SAC Capital, once thought to be a world leading money manager, has plead guilty to four counts of securities fraud and one count of wire fraud.
Steve Cohen’s SAC Capital Advisors hedge fund pleaded guilty to fraud charges Friday as part of a $1.2bn deal to resolve a long-running insider trading investigation.
At a court hearing in Manhattan, SAC general counsel Peter Nussbaum entered the guilty plea to four counts of securities and one count of wire fraud charges, a crucial step toward ratification of the fund’s record insider trading accord.
US district judge Laura Taylor Swain said she would wait to decide whether to accept SAC’s guilty plea until after a pre-sentencing report was filed.

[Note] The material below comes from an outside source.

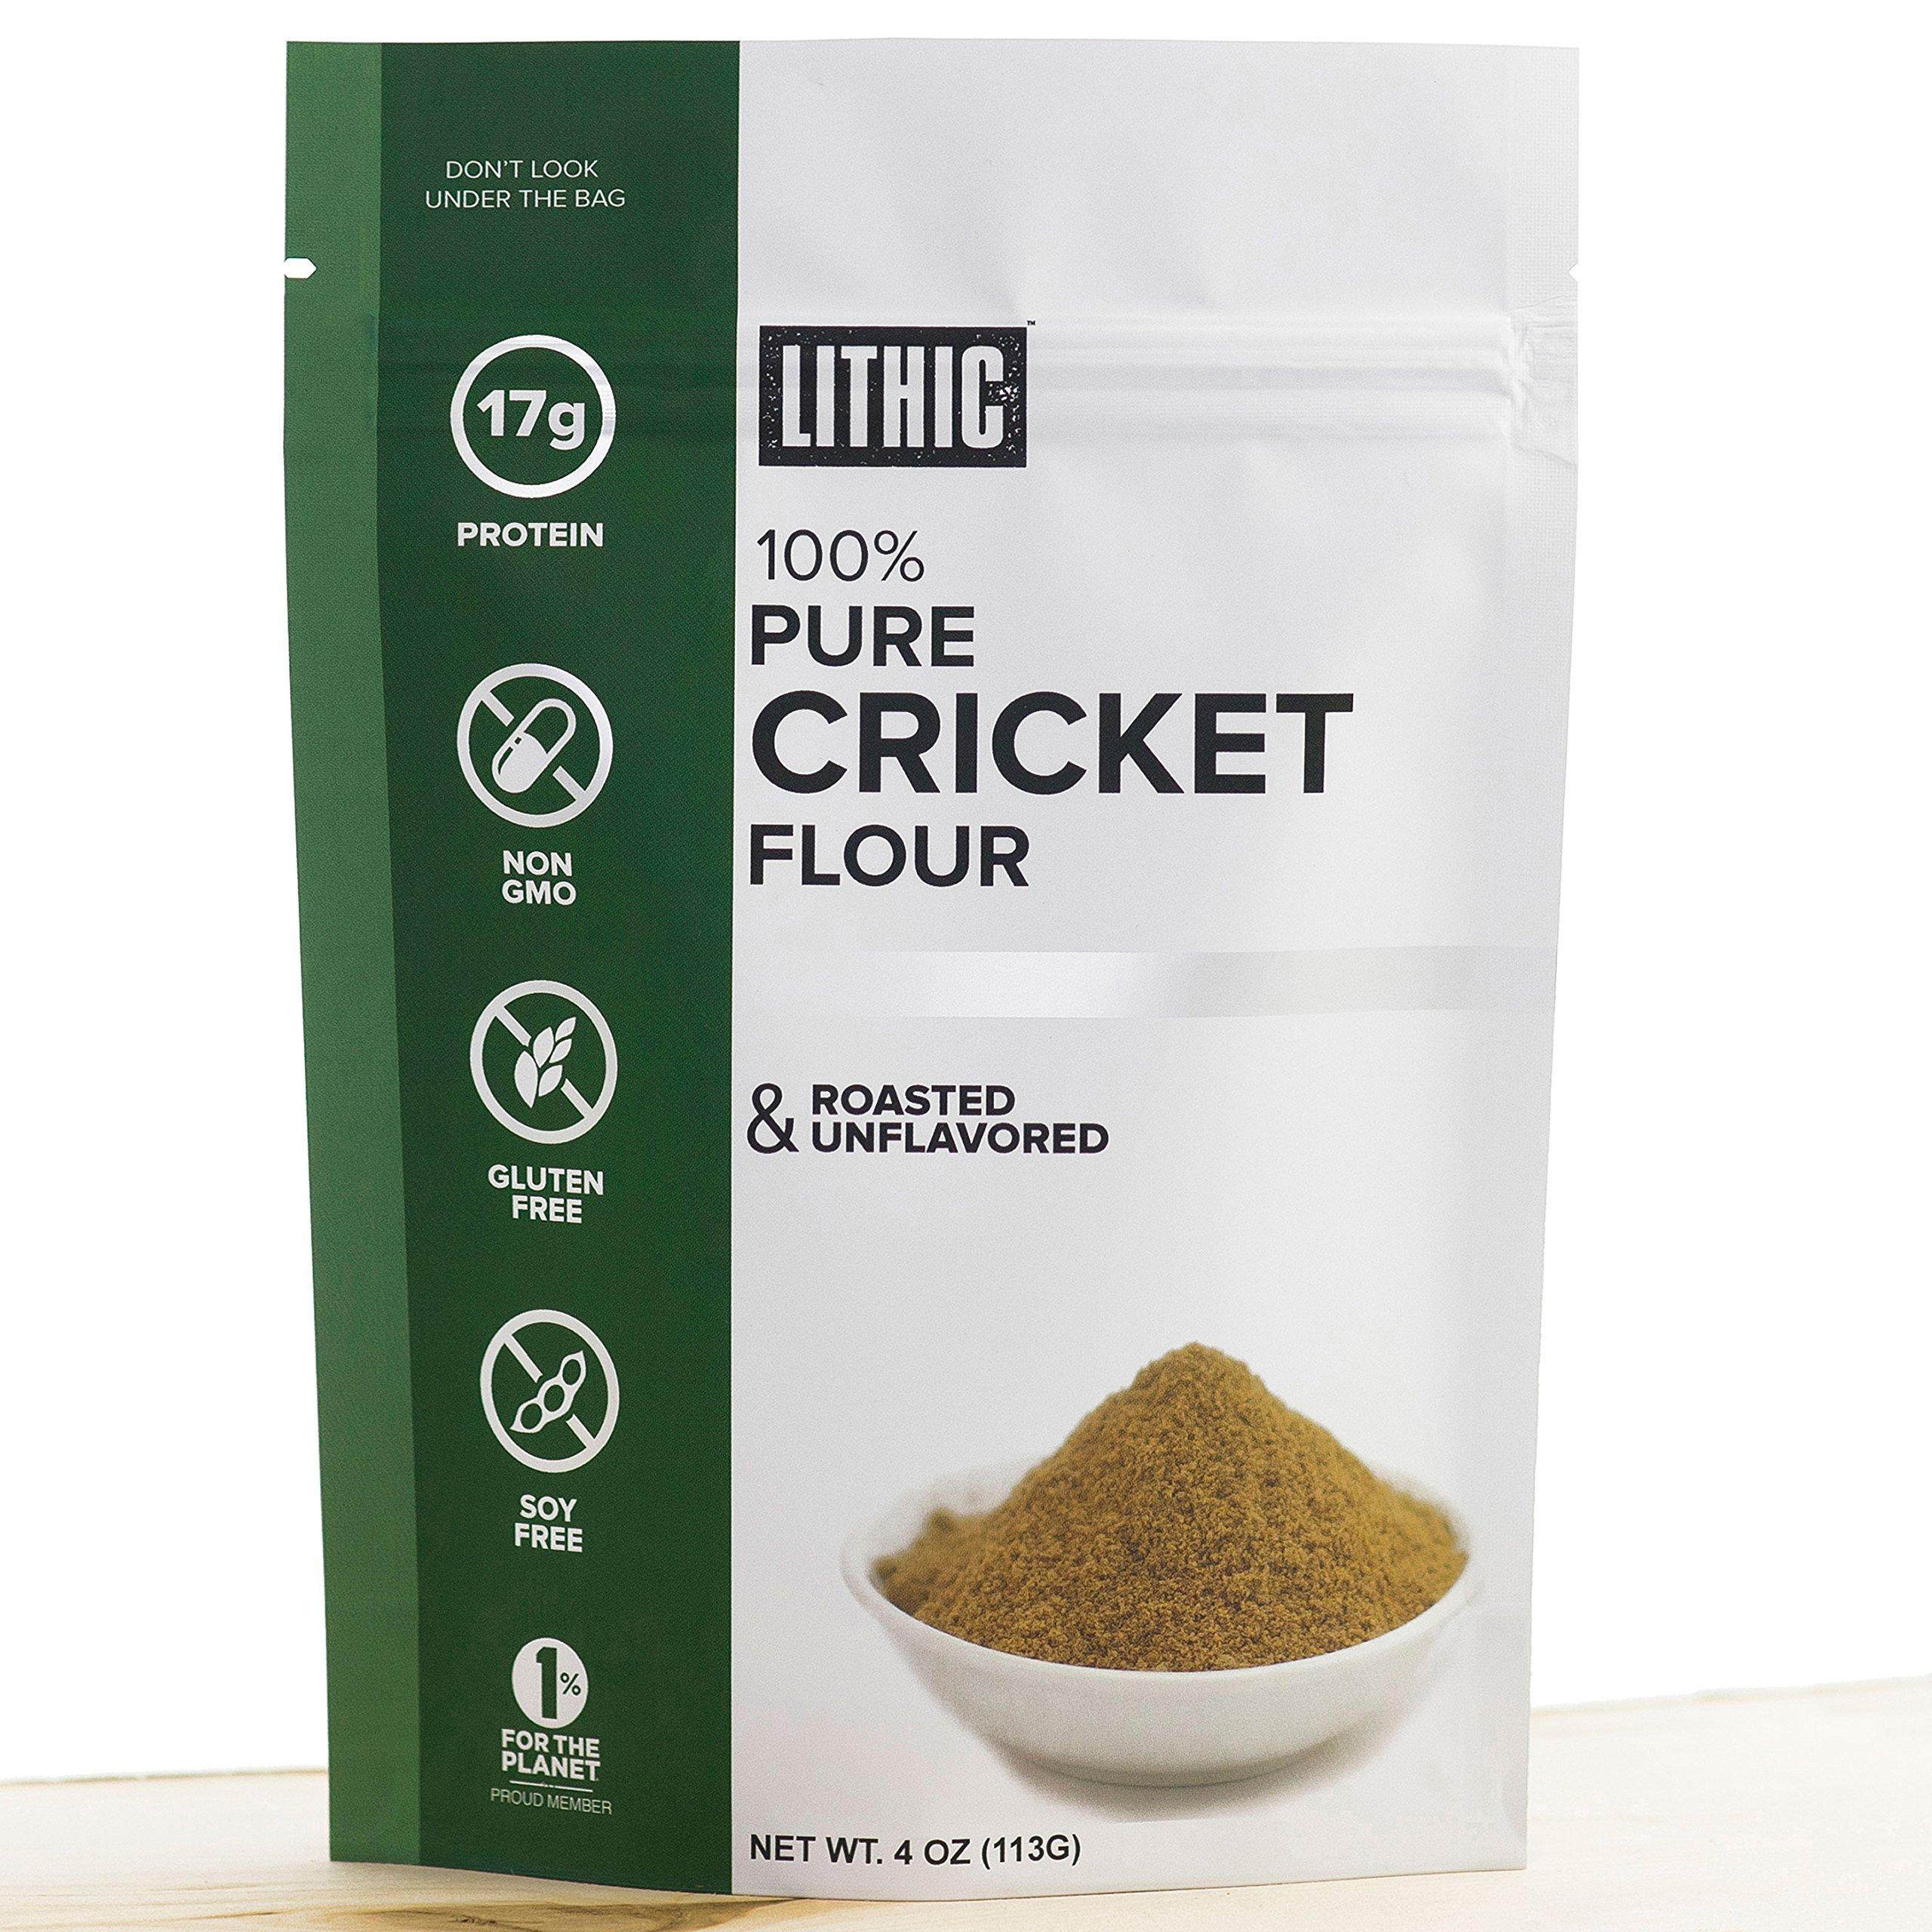 Lithic - 100% Cricket Flour 1/4LB (113g) :Sustainable, Paleo

Under the plea agreement SAC reached with prosecutors, the hedge fund has agreed to pay $900 million in penalties to resolve the criminal case unveiled against it in July.

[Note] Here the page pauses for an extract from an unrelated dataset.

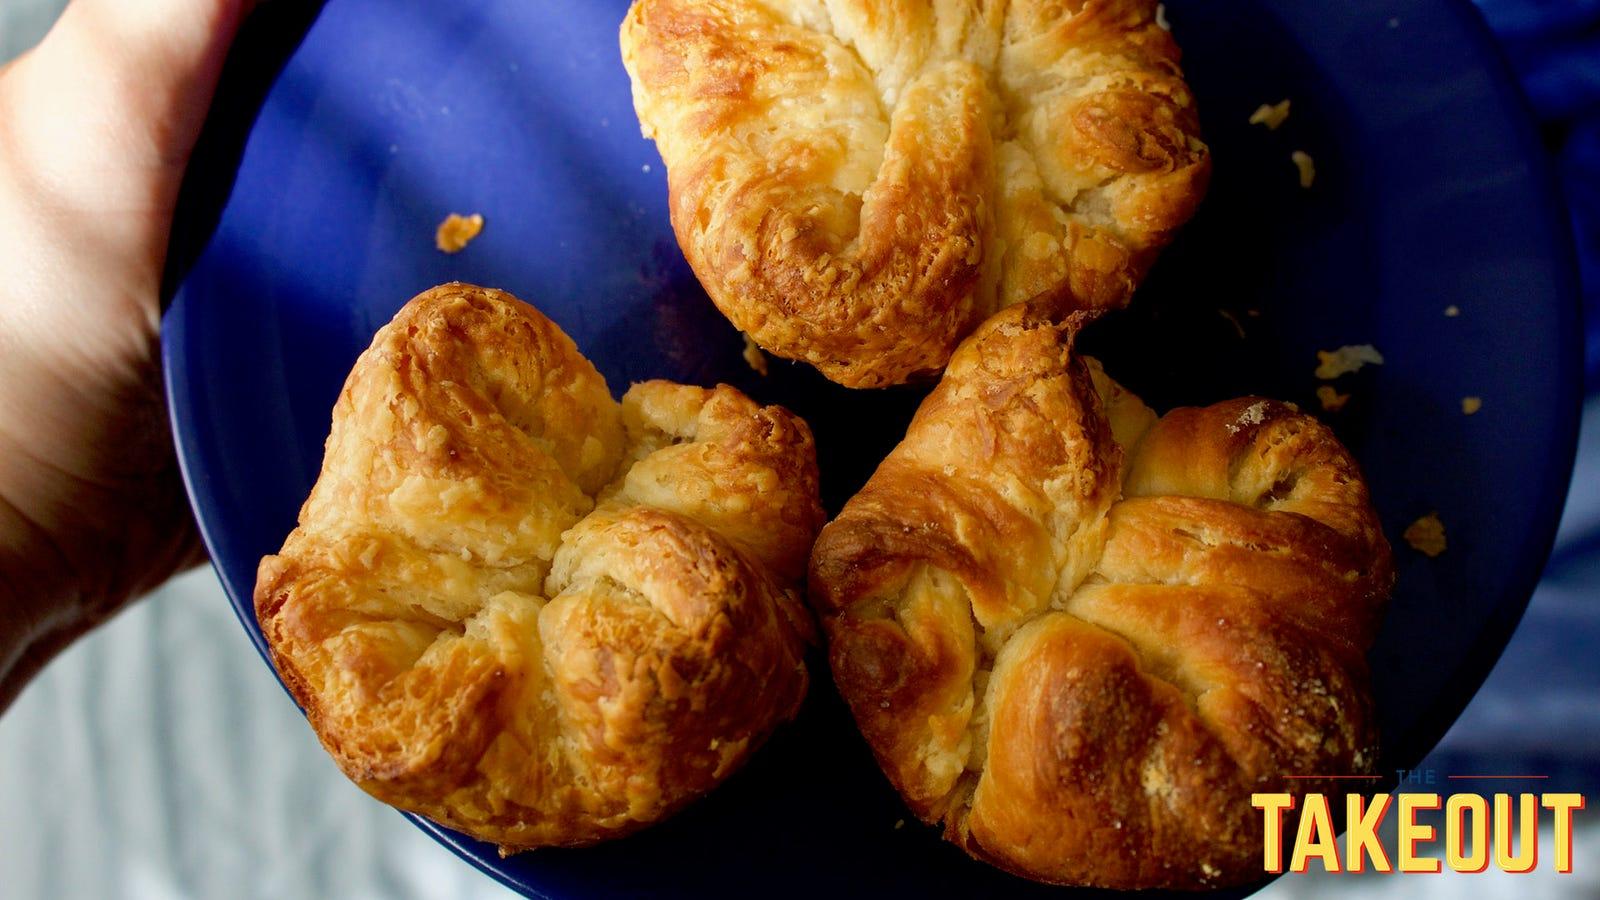 Kouign amann was my home baking Shangri-La

A federal judge on Wednesday signed off on a separate $900m judgment in a civil forfeiture action filed at the same time against SAC.
Under the civil deal, the hedge fund will only have to pay $284m, after getting credit for $616 million in settlements in related insider trading cases by the Securities and Exchange Commission.
SAC has reserved its right to withdraw its plea if Swain does not impose the penalties negotiated with prosecutors.
Apparently, much of the firms’ successful returns were based on insider information, giving them an unfair advantage on the market. Two former employees were charged with insider trading in 2011 and since then, charges have been brought against many traders who worked for (or with) SAC Capital.
A 2013 article in Yahoo! Finance reported that SAC Capital Advisors had been under investigation by the Securities and Exchange Commission (SEC) for six years. In November 2010, the SEC conducted raids at the offices of investment companies run by former SAC traders. Several days later SAC received what they described as “extraordinarily broad” subpoenas . In February 2011, two former employees were charged with insider trading. In November 2012 federal prosecutors levied charges against additional former SAC Capital traders. Portfolio manager Michael Steinberg was arrested in March 2013 and accused of using inside information to make $1.4 million in profits for SAC Capital. In June 2013 nine former SAC employees were charged with conspiracy and securities fraud.
In July 2013 the SEC filed a civil suit against SAC for failing to properly supervise its traders and the U.S. Department of Justice “filed a five count criminal indictment by a federal grand jury, including four counts of securities fraud and one count of wire fraud.” SAC reports that it will “vigorously fight” the accusations and charges. In November 2013, SAC Capital agreed to plead guilty to all counts of the indictment, stop managing funds for outsiders, and pay a $1.2 billion fine.